いよいよ、知事の定例記者会見の日となった。
磐田たちは緊張の面持ちでその様子を見守るはずだった。
しかし、毎朝新聞の朝刊が「農産物販売禁止」について報じた。
以前、磐田に取材依頼した記者が、他紙に先んじて記事にしたのだ。そのおかげで、慌ただしい1日となってしまった。

朝刊に記事が掲載される

朝刊の記事

記事の内容はこうだ。
「農業高の外部販売停止」—県教委が無償提供に切り替えを検討、昨年の生乳出荷トラブルが影響。
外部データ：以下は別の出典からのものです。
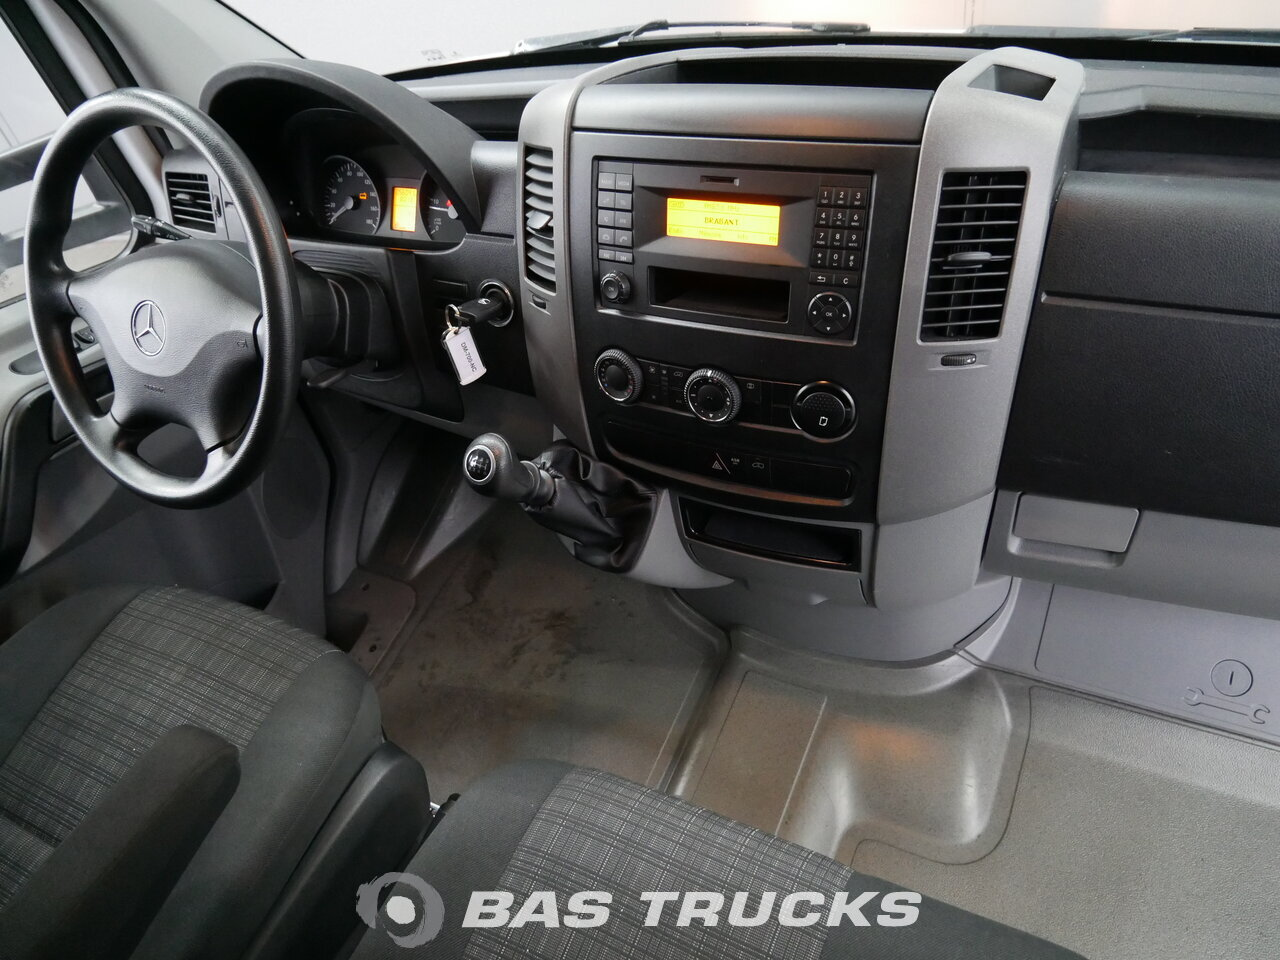 mercedes sprinter 513 leichte nutzfahrzeuge 19900 bas trucks. Black Bedroom Furniture Sets. Home Design Ideas

「生徒の意欲そぐ」声も、と続く。
この内容から、教育委員会の指示により農産物販売が禁止されていることが広く一般に周知されてしまった。また、販売禁止の理由が教育委員会の説明会で話された「条例の解釈の変更」ではなく、「原乳出荷トラブル」と書かれていたことから、情報源がどこなのか不明であった。少なくとも緑野農業周辺でないことは明らかだった。
 
2日前のPTA総会で磐田が保護者の前で、コトの経緯はすでに話していたが、教師の口から、まだ直接、生徒たちには伝えていなかった。
農産物販売禁止が及ぼす影響についても話さなければならない。

ここままだと、彼らが待ち望んでいる文化祭兼農産物販売会「緑農祭」を中止しなければならないことも。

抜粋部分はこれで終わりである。